Parity confers a dual effect on the risk of breast cancer with an augmented risk observed in the initial years following pregnancy (3–5 years, or even up to 10–15 years) [28,29,30], possibly by stimulating the growth of cells that have undergone initial stages of malignant change and also due to the immunosuppressive effects of pregnancy [28, 31]. It is only subsequent to this phase that the protective effect of parity sets in [32, 33] owing to the differentiation of normal breast cells that have the potential to undergo malignant transformation. While this has been observed for ER+ breast cancers (luminal A-like) [8, 22, 34], an increased risk of ER- breast cancer continues to persist even in the longer term [25, 27, 35]. Our results did not observe significant differences across subtypes for age at first birth. However, TNBC cases were more likely to have a younger age at first birth when compared to luminal A-like cases (approximately 16% versus 12.5% patients for age at first birth < 20 years). A similar, statistically significant association has been reported by other studies [22, 23, 35,36,37]. Luminal B-like (HER2−) cases showed no statistically significant difference from luminal A-like for either of the three risk factors of interest even though studies have reported an inverse association with number of births and a positive association with age at first birth for this subtype [38, 39].

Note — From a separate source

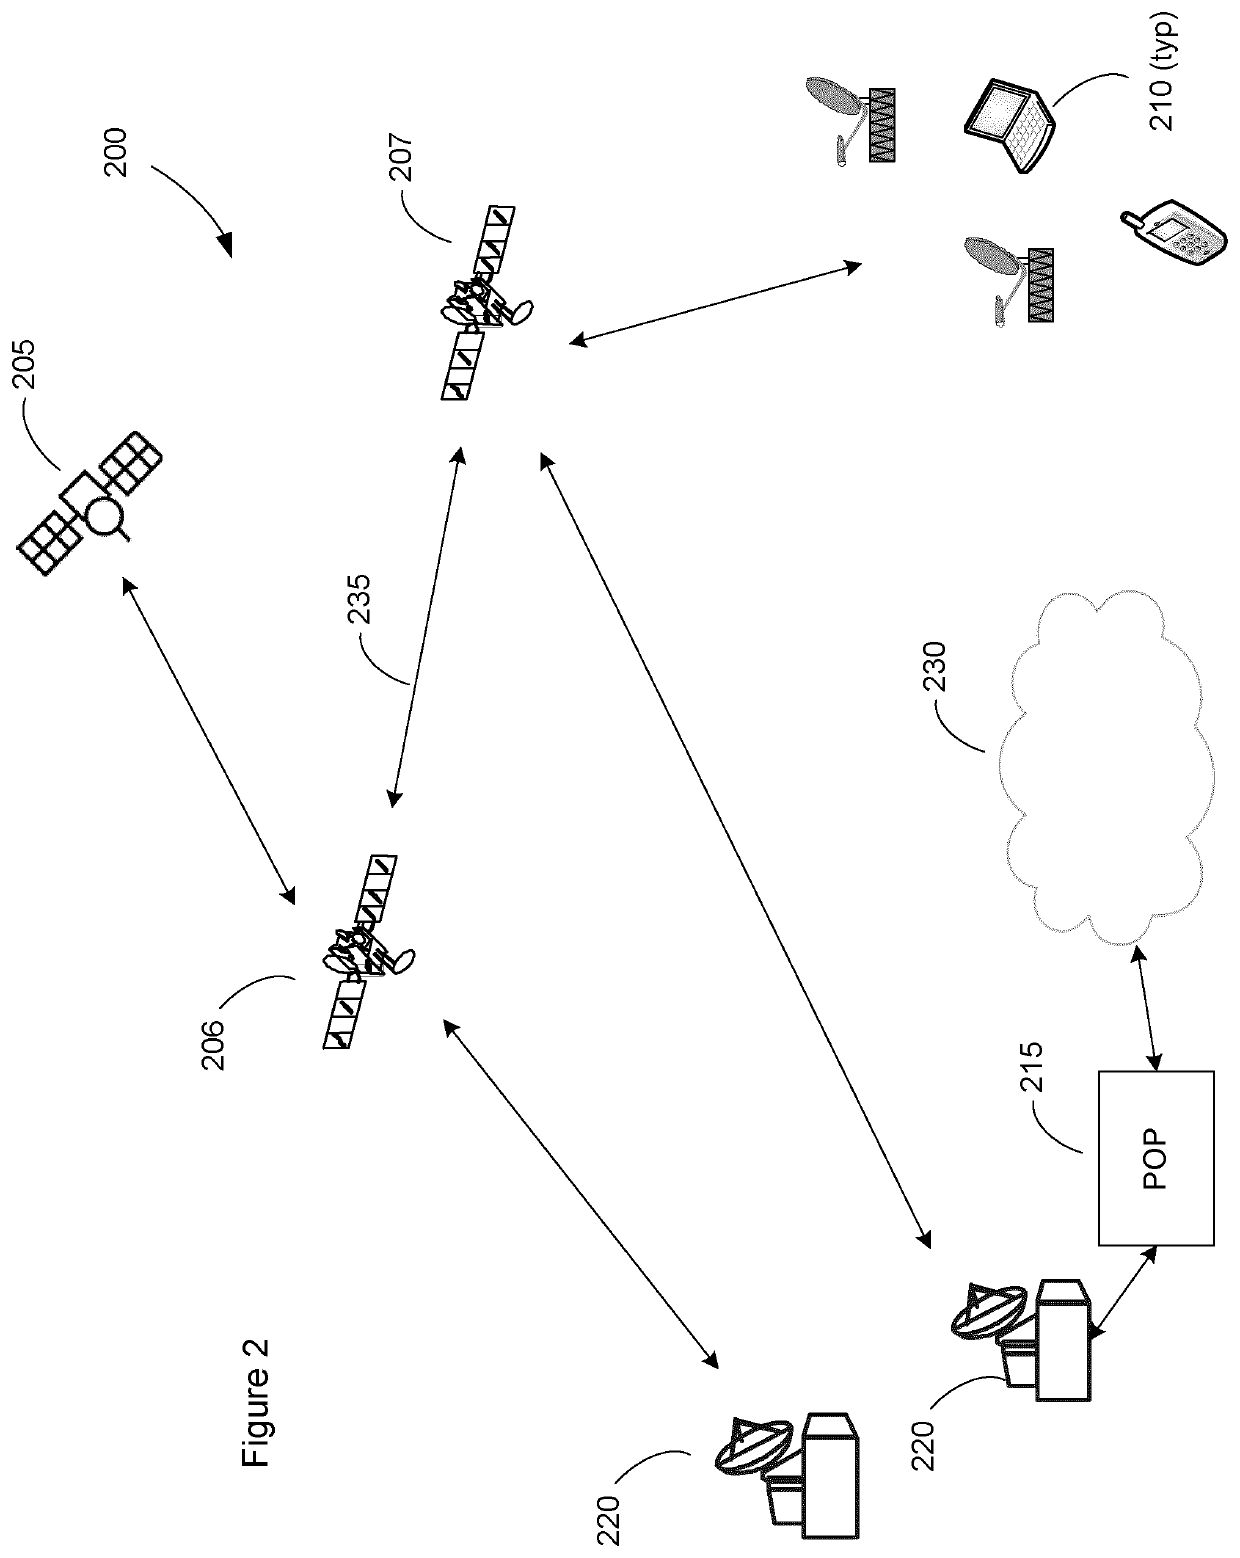 Resource deployment optimizer for non-geostationary and/or geostationary communications satellites

ER- breast cancers are less likely than ER+ breast cancers to be detected through screening [40], and predictive modelling of breast cancer risk has been proposed as possible solution for personalised medicine and risk stratified screening [41,42,43]. Modelling studies using UK data suggest such risk stratified screening approaches could reduce overdiagnosis, improve cost-effectiveness, while maintaining the benefits of screening [44].

The key strengths of our study are the high-quality longitudinal data collected within the Scottish Cancer Registry for the entire population, and the availability and high level of completeness of molecular marker and tumour grade data (≤ 10% missing data). Another strength of the study is the inclusion of women diagnosed at age 50 years or below. Although breast cancer is less common within this age range, the tumours are more aggressive with poor prognosis making it important to identify and implement effective approaches to prevention amongst this age group [45]. Moreover, breast cancer incidence appears to be increasing in younger age groups in recent years in Scotland [11] and other populations such as the United States [46].

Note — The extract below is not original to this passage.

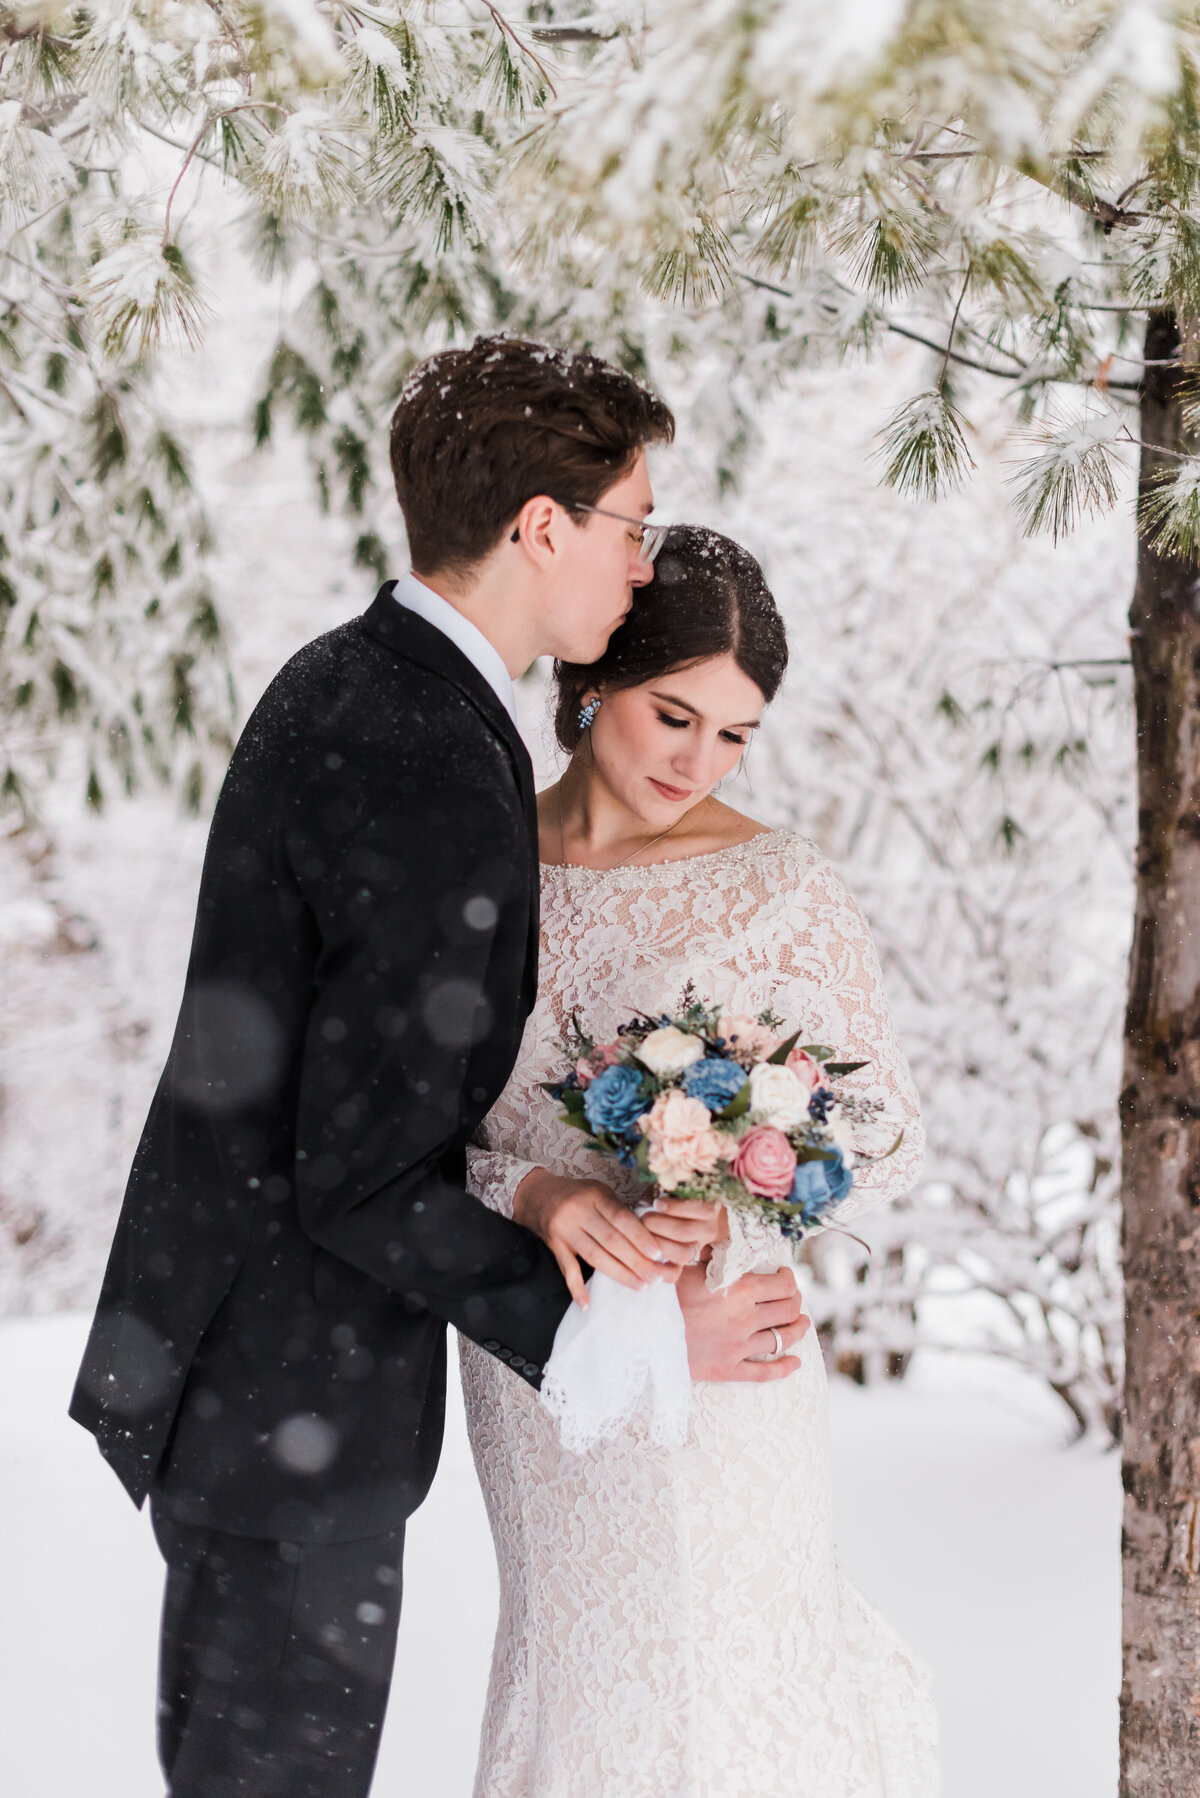 winter colorado wedding with bride and groom embracing under a snowy tree as the bride holds a blue and pink bouquet and her groom kisses her on the head

Although this is one of the largest studies of breast cancer among young women, a limitation is the modest number of cases for rarer tumour subtypes, especially HER2-overexpressed (5% of all cases), potentially reducing the statistical power of analyses for these tumour subtypes. Our study did not assess incidence or risk of breast cancer, which would require comparisons to controls/general population. In addition, we cannot exclude some residual confounding by age at diagnosis since we did observe some association with age and missing subtype data. Future work including a comparison cohort of women not diagnosed with breast cancer would add further updated information about the role of reproductive history as a risk factor for breast cancer, including, in due course for whose breast cancer is diagnosed at older ages. Other limitations of our study were the potential for incomplete maternity records for women whose children were born outside Scotland, lack of availability of data for other factors such as breastfeeding as well as for a more detailed mRNA expression or mutation profiling of the cancers.

In conclusion, our data highlight the value of integrating molecular data from tumours with routinely collected health records data for understanding cancer epidemiology. There is scope for future analysis using the cancer registry linked to other datasets, including community prescription records, and primary care records, to provide more detailed information on the role and patterns of key risk factors and possible new aetiologic or prognostic factors for subtypes of breast and other cancers.